2. Functional requirements

FR-1. Entity store (graph)

9 node types from the schema doc + auxiliaries: - Core: Company, Sector, Indicator, FinancialItem, Event, Person, Product, Regime, Document - Auxiliary: Segment, Listing, Index, CausalMechanism, InfluenceLink (reified edge), CompanyAlias

Each Indicator carries a category from the factor graph taxonomy: MACRO | POLICY | GEOPOLITICAL | INDUSTRY | NARRATIVE | TECHNICAL | FLOW | EXOGENOUS (the 9th, COMPANY, maps to FinancialItem + Event + company properties rather than to Indicator).

FR-2. Relationship store (graph)

5 edge families from the schema doc, mapped onto the 6 factor-graph edge types:

Schema family Factor-graph edge types Notes
Categorical / structural BELONGS_TO, CHILD_OF, INCLUDED_IN, etc.
Inter-company SUPPLIED_BY, HAS_CUSTOMER, COMPETES_WITH, PARTNERS_WITH
Causal-influence CAUSAL, CORRELATIONAL, REFLEXIVE, AMPLIFYING, INHIBITORY, SUBSTITUTIVE INFLUENCES is the canonical edge; AMPLIFIES/INHIBITS operate on reified InfluenceLink nodes; REFLEXIVE loops are detected by traversal
Temporal / event-link UPDATES, INVOLVES, TRIGGERED, RESOLVED_BY
Provenance SOURCED_FROM, REPORTED_IN, DERIVED_FROM, RESTATES

FR-3. Temporal validity

Every property and edge that can change over time MUST carry effective/end dates. Historical queries resolve to historical state. Lag stored as a distribution (median, p10, p90), not a point estimate.

FR-4. Provenance

Every fact traces to a Document via SOURCED_FROM / REPORTED_IN. Confidence required on inferred or estimated facts.

FR-5. Hybrid storage

Layer Local dev Hosted free demo
Property graph Neo4j Community 5.x in Docker Neo4j AuraDB Free (1 instance, 200k nodes / 400k rels, sleeps after 3d, auto-resumes)
Time-series + relational TimescaleDB (Postgres) in Docker Supabase Free (500MB Postgres + pgvector + auth, sleeps after 7d)
Vector pgvector on the same Postgres pgvector on Supabase
Object store MinIO in Docker Cloudflare R2 Free (10GB storage, 10GB/mo egress) — or Git LFS / GitHub Releases for static artifacts
Audit log Postgres Supabase

This choice keeps free-tier limits realistic for a public demo (S&P 100 + ~50 indicators + 1 yr of events fits in 200k nodes; full-universe coverage requires user-provided paid tier).
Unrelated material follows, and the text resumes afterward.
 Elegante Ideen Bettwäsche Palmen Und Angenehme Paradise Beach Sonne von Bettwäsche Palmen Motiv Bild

FR-6. Ingestion pipelines (free-tier sources only by default)

Idempotent upsert workers, lineage-tagged. Each runs as a GitHub Actions scheduled workflow writing to the hosted free DBs.
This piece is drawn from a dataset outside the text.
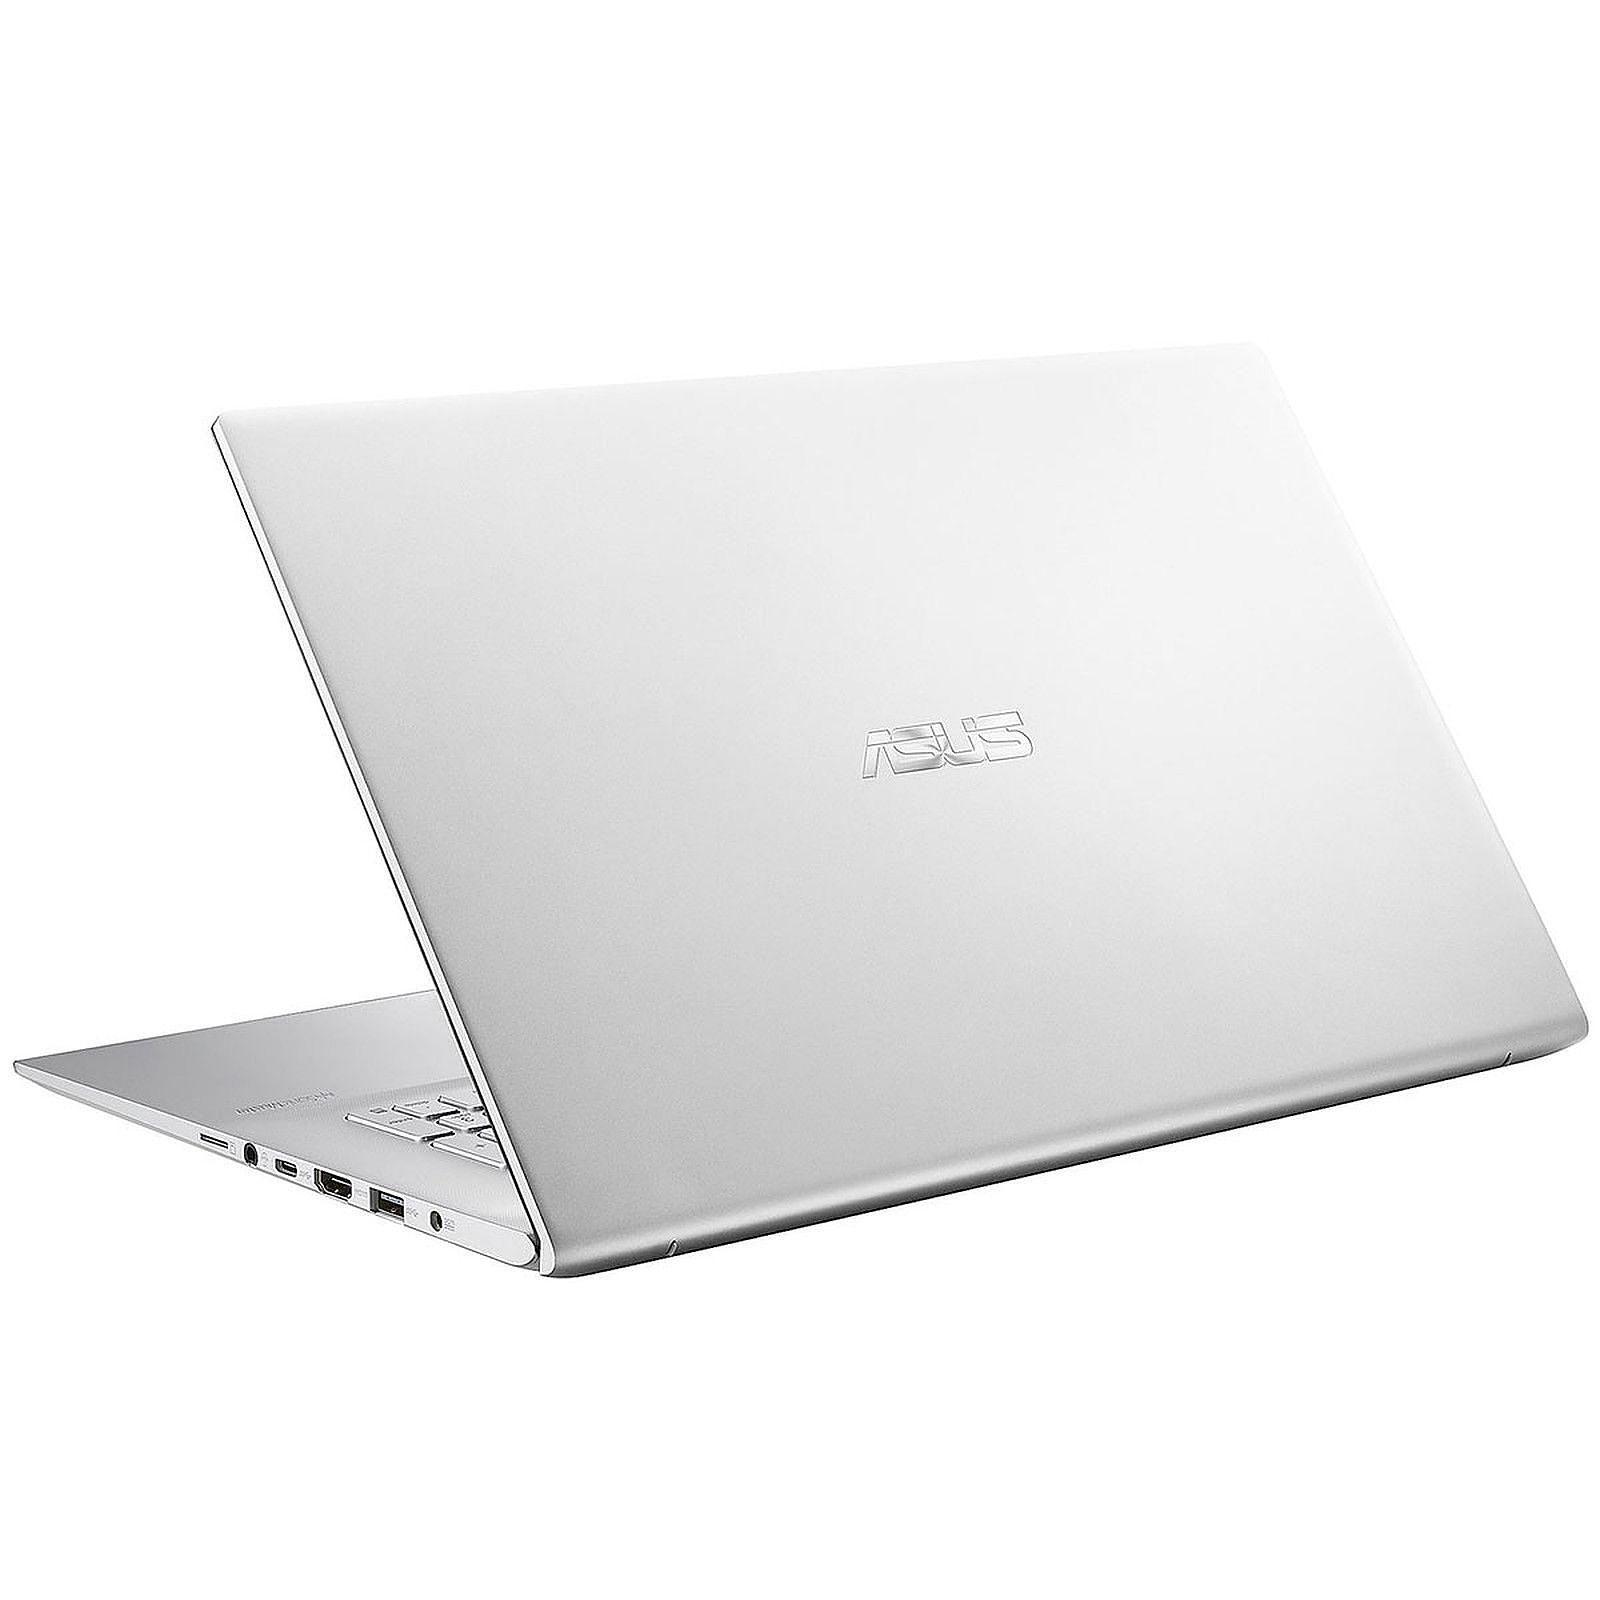 Asus 90NB0L61-M08330 - PC portable Asus - Cybertek.fr - 1

Source Type Refresh Source URL/SDK
SEC EDGAR Company, FinancialItem, Document, Event (8-K) Daily cron in Actions https://data.sec.gov/submissions/CIK*.json, XBRL frames API
FRED Indicator (macro) Daily cron https://api.stlouisfed.org/fred/ (free API key)
Treasury Direct Indicator (rates, curve) Daily cron XML feeds
BLS / BEA Indicator (CPI, PCE, NFP, GDP) Monthly cron Free public APIs
GDELT / RSS Event (news) Hourly cron GDELT GKG, free RSS aggregators
Wikidata Person, Product, basic Company Weekly cron SPARQL endpoint
GitHub-curated YAML Inter-company edges (supply chain, partnerships, competition) On PR merge Repo files, validated in CI
Optional, gated Bloomberg / Refinitiv / FactSet n/a Disabled by default; activated via secrets

Earnings-transcript ingestion and licensed sell-side: documented but not part of the free baseline.
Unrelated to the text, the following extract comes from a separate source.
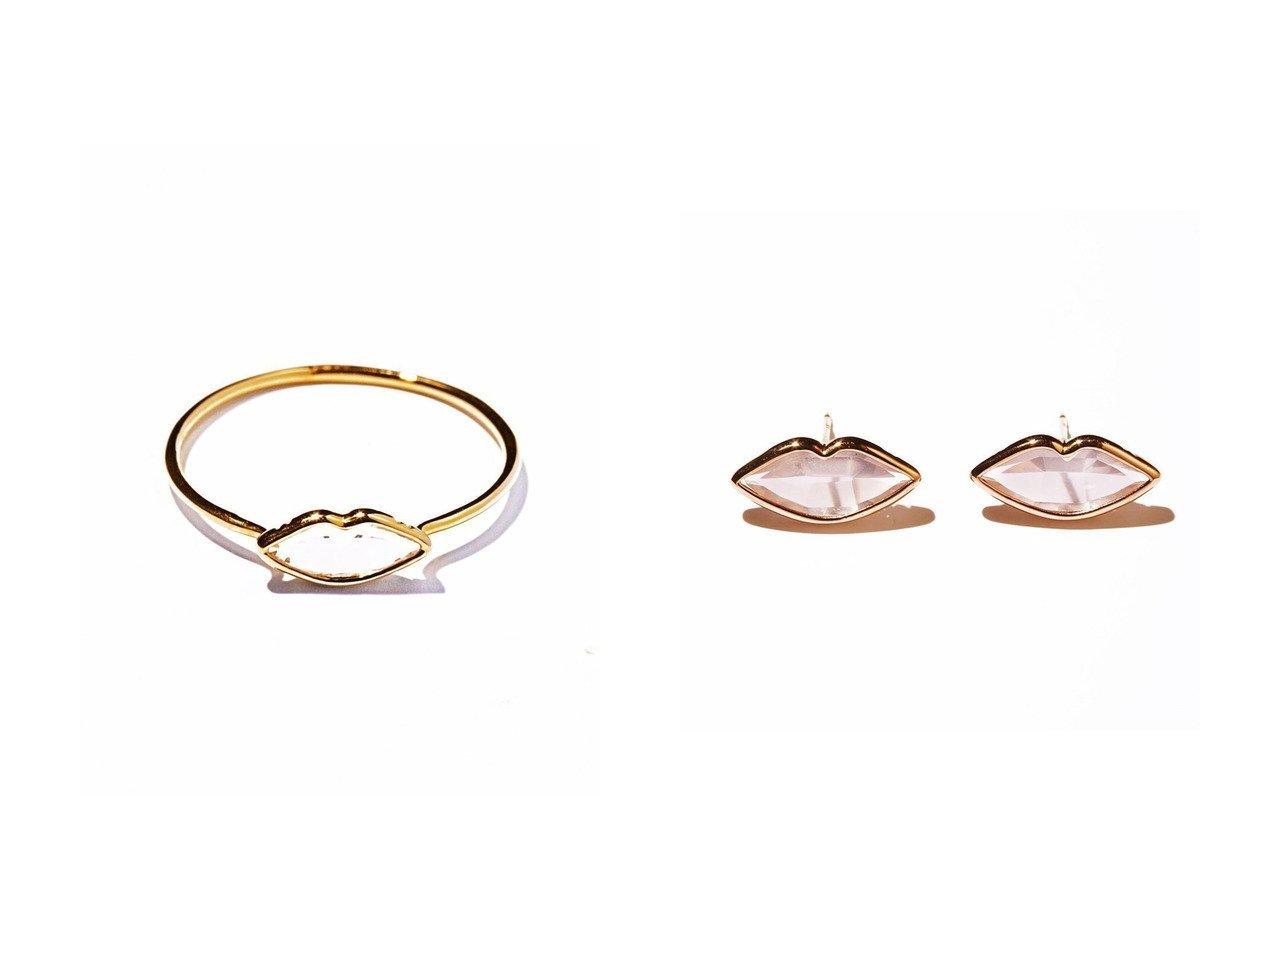 【les bonbon/ルボンボン】のpetite lip イエローゴールドリング&lip ピンクゴールドピアス アクセサリー・ジュエリーのおすすめ!人気、レディースファッションの通販  おすすめで人気のファッション通販商品 インテリア・家具・キッズファッション・メンズファッション・レディースファッション・服の通販 founy(ファニー) https://founy.com/ ファッション Fashion レディース WOMEN イエロー コレクション フェミニン モチーフ フォルム リップ |ID:crp329100000003794

FR-7. Update cadence (per schema doc §39.1)

Same as the schema doc; in this build all cadences are GitHub Actions cron schedules (see §11).

FR-8. Multi-hop reasoning patterns

The 6 patterns from the schema doc, each as a parameterised, tested template: 1. causal_attribution — "why is X happening?" 2. forward_propagation — "what if X moves?" 3. comparative_analysis — "compare A vs B" 4. supply_chain_traversal — "who depends on X?" 5. risk_decomposition — "biggest risks to X?" 6. regime_counterfactual — "what if regime changes?"

FR-9. LLM orchestration (pattern-based hybrid)

Six pipeline stages from the schema doc §28: intent → params → query → enrich → compose → verify. Each stage independently logged.

FR-10. Citation grounding

Every numerical claim cites a result row; every factual claim cites a Document. Verifier rejects unsupported claims. [DOC: <id>] markers rendered as links.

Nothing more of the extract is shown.